Press release

21 Feb 2023

Public finances continue to outperform expectations – EY ITEM Club comments

Martin Beck, Chief Economic Advisor to the EY ITEM Club, reacts to the latest public finances data.

Related topics Growth
  • The final set of public finances data before the Spring Budget saw the Government achieve a smaller surplus than in January 2022, but one that was much higher than the OBR's forecast. The better-than-expected performance was mainly due to stronger tax revenues.

  • The extent to which the OBR deems the improvement in tax revenues to be structural is uncertain, and there’s a question mark over how it will adjust its estimates of the economy’s potential output growth in next month’s Budget. Therefore, better borrowing figures may not translate into more fiscal headroom for the Government. 

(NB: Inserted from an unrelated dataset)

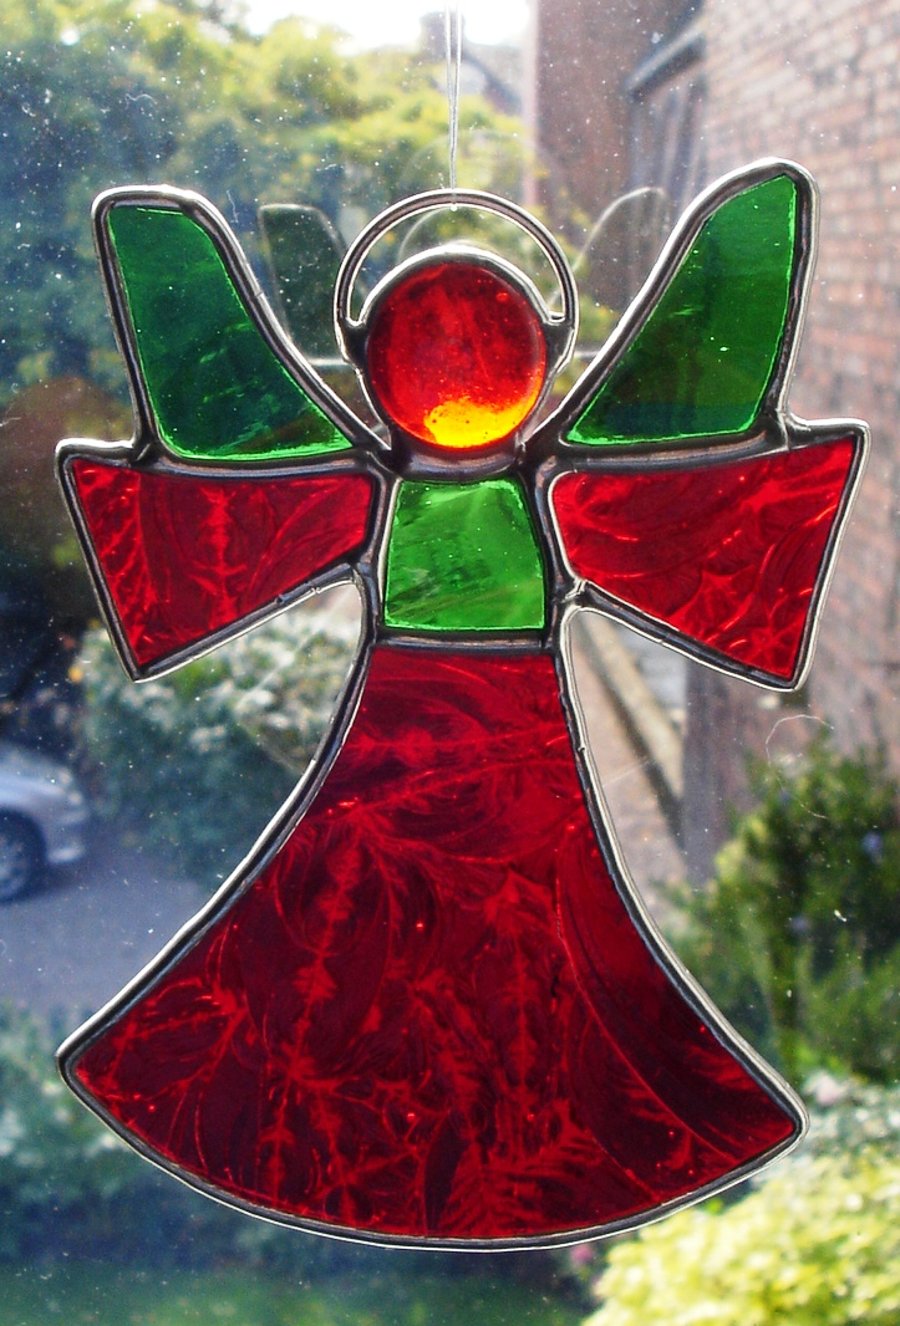 STAINED GLASS ANGEL

Martin Beck, chief economic advisor to the EY ITEM Club, says: “The public finances were in surplus on the public sector net borrowing measure to the tune of £5.4bn in January. This was £7.1bn lower than a year earlier but £5bn higher than the OBR forecast. The year-on-year deterioration was largely a function of the cost of support programmes to help households and businesses pay their energy bills, although the steep fall in wholesale energy prices during January meant the cost last month was lower than expected. However, the main cause of the better performance relative to the OBR's forecast was the strength of tax revenues, which have held up impressively in the face of weak economic activity. Self-assessment income tax revenues were particularly strong in January, rising 33% year-on-year. Borrowing is expected to come in well below the OBR's full year forecast of £177bn.

“The EY ITEM Club thinks there's a good chance that the Government will abandon its plan to increase the energy price guarantee by £500 in April. Not only has the cost of subsiding bills declined, but wholesale energy prices have fallen so much that under current proposals average bills would rise £500 in April, only to fall by £700 or more in July.

“Whether there will be broader changes in the fiscal stance largely depends on whether the OBR deems stronger-than-expected tax revenues to be a structural or cyclical phenomenon. It’s been speculated that the OBR will downgrade its estimates of potential growth, although that jars with business investment and migration both being much stronger than the OBR expected, and the boost to the economy’s supply-side from less expensive energy. If the OBR does take a more downbeat view, any major change of direction in the Budget on 15 March is unlikely. In that case, the Budget would likely see the normal small-scale giveaways – including making the temporary fuel duty cut permanent – but more major policy changes are likely to be deferred until at least the autumn.”